On the other hand, membranes incorporated with 15 mass% of Ge exhibited higher weight loss (27%). This is due to the fact that the incorporated Ge is not completely involved in ionic-cross linking and may be due to repulsion between the -NH₃⁺ groups of Ge, which creates the free binding sites in the membrane matrix for water molecules. However, membranes incorporated with 20 mass% of Ge showed higher weight loss (29%). This is due to the fact that the incorporated Ge is aggregated with each other, leading to the entanglement with the NaCMC chain through hydrogen bonding and electrostatic interaction between -COO⁻ and -NH₃⁺ of NaCMC and Ge. In the second step, the decomposition occurred between the temperature range of 230 to 310 °C due to the decomposition of the functional groups of NaCMC and Ge. Subsequently, the breaking of the polymer chain caused the third stage of decomposition, which was visible between the temperature range of 310 to 520 °C. By considering 56% degradation as the reference point, the plain NaCMC membrane showed degradation at the temperature of 294 °C and the M-3 membrane at 310 °C. This indicates the highest interaction between NaCMC and Ge in M-3, which leads to the highest thermal stability. However, from the thermogram, it is clear that the Ge-incorporated NaCMC membranes are more stable than the pure NaCMC membranes due to the intermolecular interaction between NaCMC and Ge.

3.1.4. SEM Analysis

The surface morphology of the developed PECMs was assessed by SEM analysis, and the subsequent photographs are shown in Figure 4.
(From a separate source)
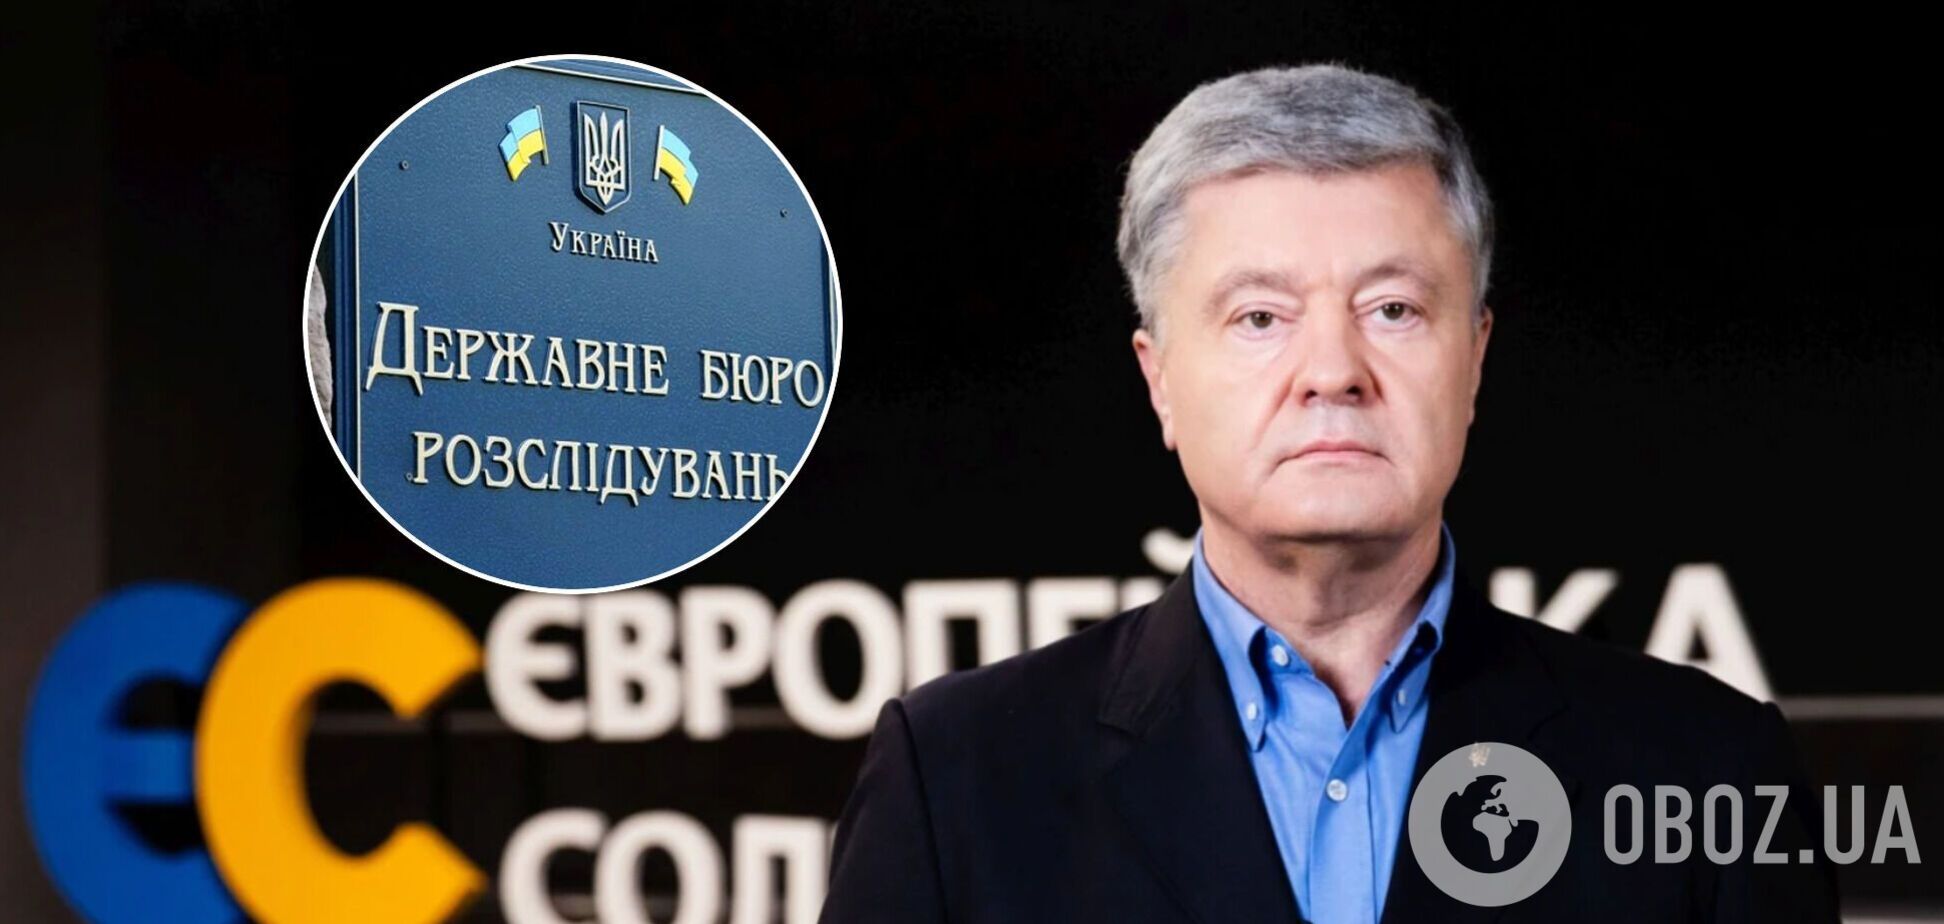 'Це відверта брехня': адвокат Порошенка відреагував на заяву ДБР щодо активів '5 каналу' і 'Прямого'

It is observed that membranes are smooth and homogeneous with no porosity, and there is no sign of phase separation in the Ge-incorporated NaCMC membrane. This indicates a complete interaction between NaCMC and Ge and shows good compatibility between the two moieties.

3.1.5. Tensile Strength

The mechanical characteristics are crucial in evaluating the steadiness of the developed membranes for PV applications. Elongation at break and tensile strength values of the developed PECMs are shown in

Table 1. Mechanical properties of the Ge-incorporated NaCMC membranes.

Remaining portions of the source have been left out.